With symmetric demand (Table 2), the capacity of the fixed-time control sufficed in more cases as the capacity could be set for the overall peak demand, reducing the delay by ca 5–60%. Conversely, dynamic control could not fully capitalize on efficiently distributing green signal time to suit current demand, leading to a slight increase in delay (ca 1–4%). However, it still outperformed the fixed-time control in all cases. Overall, the closer the demand is to the potential capacity, i.e. saturated flow, the bigger the difference between the two control types.

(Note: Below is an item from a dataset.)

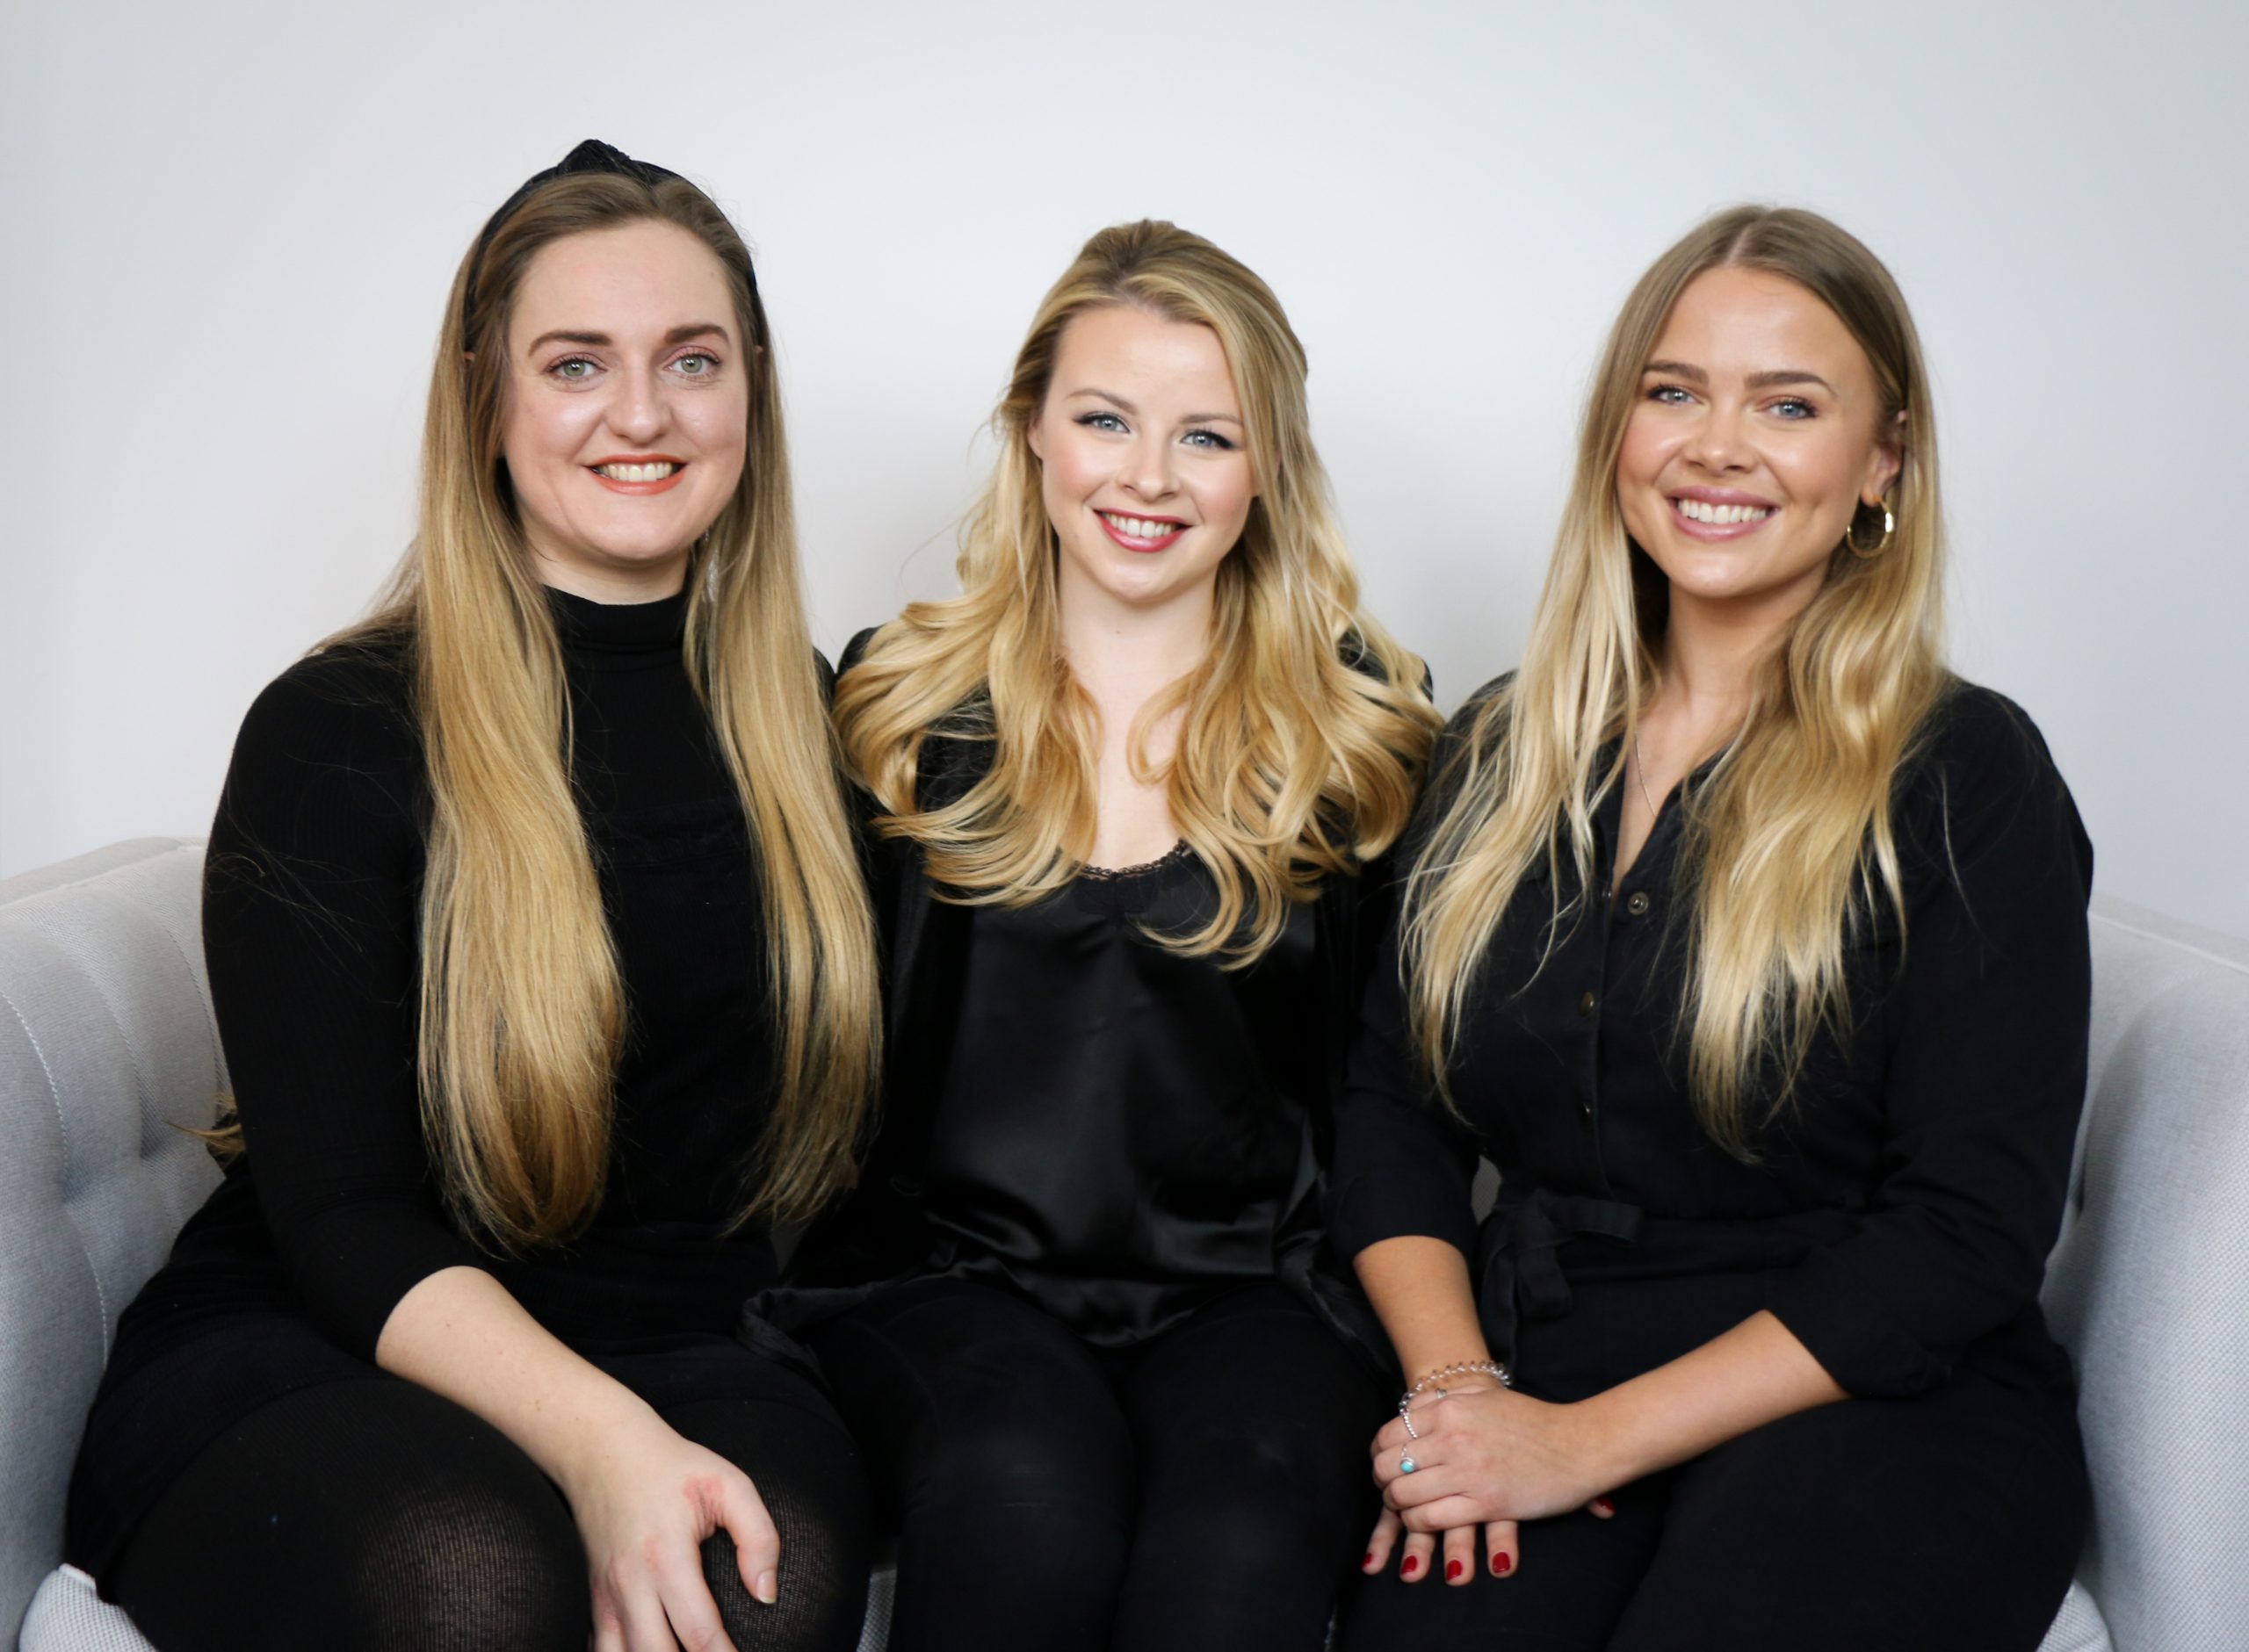 Three women in black clothing with long blonde hair sitting next to each other and smiling at the camera. They are the owners of Richmond performing arts school WestWay.

All presented results emphasize that both delay itself and the disparity between the two control systems exhibit highly nonlinear behaviour, subject to circumstances. Saturated flow intensity, WZ length (clearance time), and demand (both magnitude and symmetry) all exert substantial influences and interact significantly. Nevertheless, there is compelling evidence supporting the efficiency of the dynamic approach. While the benefits appear marginal in some cases, they can be significant in others, often preventing oversaturation. Even when fixed-time control can provide adequate capacity, the disparity in total delay can be substantial (up to single digit multiples).

3.3 Case study

Figure 7a shows the distribution of saturated flow in the three measurement periods. The milled road surface in period 1 markedly reduced saturated flow in the WZ, reducing it by 30% (mean dropped approximately from 1660 to 1180 veh/h). There is a slight statistically significant difference between the distributions in the 2nd and 3rd periods (mean 1720 veh/h), possibly caused by higher share of passenger vehicles in the traffic flow due to the easing of covid-19 restrictions during the measurements.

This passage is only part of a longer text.